REQUIRED WORK ▸ Exactly the lines from the opening of the data through the line containing "北京手孔井室外弱电用人孔检查井光缆接头保护箱树脂纤维光缆接头保护箱厂家" should be reproduced, please, with nothing added.

SOURCE RECORDS ▸
────────

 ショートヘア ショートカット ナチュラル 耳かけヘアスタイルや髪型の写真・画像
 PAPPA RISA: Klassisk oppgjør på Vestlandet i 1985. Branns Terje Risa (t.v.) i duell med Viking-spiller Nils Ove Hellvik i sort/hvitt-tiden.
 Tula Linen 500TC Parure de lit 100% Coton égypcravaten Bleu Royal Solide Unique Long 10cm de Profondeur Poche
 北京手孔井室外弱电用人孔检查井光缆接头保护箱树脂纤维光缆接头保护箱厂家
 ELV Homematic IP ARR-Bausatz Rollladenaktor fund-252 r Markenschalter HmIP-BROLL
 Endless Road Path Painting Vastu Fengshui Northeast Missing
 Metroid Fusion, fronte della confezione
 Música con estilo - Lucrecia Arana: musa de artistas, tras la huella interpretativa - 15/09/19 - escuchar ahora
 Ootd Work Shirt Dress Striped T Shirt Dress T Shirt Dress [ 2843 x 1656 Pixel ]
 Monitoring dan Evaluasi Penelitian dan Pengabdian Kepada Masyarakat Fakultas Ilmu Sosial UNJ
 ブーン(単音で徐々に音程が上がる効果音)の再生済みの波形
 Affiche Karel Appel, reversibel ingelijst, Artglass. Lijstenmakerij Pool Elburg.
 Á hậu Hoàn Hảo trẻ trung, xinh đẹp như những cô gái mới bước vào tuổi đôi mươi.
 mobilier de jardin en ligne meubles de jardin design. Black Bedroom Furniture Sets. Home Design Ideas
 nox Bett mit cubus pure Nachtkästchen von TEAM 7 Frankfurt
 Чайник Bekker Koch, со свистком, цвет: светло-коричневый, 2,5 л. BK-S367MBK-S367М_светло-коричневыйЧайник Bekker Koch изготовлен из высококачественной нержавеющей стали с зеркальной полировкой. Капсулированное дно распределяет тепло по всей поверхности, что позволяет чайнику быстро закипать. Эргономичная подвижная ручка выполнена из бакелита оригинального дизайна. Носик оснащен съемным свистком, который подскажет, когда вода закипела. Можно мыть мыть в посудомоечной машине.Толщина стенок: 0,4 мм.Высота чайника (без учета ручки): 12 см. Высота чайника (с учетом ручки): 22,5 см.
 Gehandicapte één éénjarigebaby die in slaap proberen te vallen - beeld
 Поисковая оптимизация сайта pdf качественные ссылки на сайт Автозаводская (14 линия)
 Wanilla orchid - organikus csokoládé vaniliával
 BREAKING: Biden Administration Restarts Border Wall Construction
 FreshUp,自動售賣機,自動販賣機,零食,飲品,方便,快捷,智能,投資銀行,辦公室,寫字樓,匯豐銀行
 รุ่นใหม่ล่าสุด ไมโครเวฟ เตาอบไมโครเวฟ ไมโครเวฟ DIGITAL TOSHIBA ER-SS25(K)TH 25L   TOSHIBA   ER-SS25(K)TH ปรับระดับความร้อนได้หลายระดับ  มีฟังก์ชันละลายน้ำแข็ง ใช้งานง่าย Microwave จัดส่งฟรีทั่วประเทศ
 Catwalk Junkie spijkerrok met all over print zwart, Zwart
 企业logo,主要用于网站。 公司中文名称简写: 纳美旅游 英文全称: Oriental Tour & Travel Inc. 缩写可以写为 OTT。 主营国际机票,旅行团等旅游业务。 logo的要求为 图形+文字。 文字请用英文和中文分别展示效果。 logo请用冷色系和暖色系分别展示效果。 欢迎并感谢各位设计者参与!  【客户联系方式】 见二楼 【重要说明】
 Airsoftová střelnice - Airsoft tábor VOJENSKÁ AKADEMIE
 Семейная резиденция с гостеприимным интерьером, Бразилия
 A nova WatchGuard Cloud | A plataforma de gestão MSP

────────

RESULT OF THE EXERCISE ▸
 ショートヘア ショートカット ナチュラル 耳かけヘアスタイルや髪型の写真・画像
 PAPPA RISA: Klassisk oppgjør på Vestlandet i 1985. Branns Terje Risa (t.v.) i duell med Viking-spiller Nils Ove Hellvik i sort/hvitt-tiden.
 Tula Linen 500TC Parure de lit 100% Coton égypcravaten Bleu Royal Solide Unique Long 10cm de Profondeur Poche
 北京手孔井室外弱电用人孔检查井光缆接头保护箱树脂纤维光缆接头保护箱厂家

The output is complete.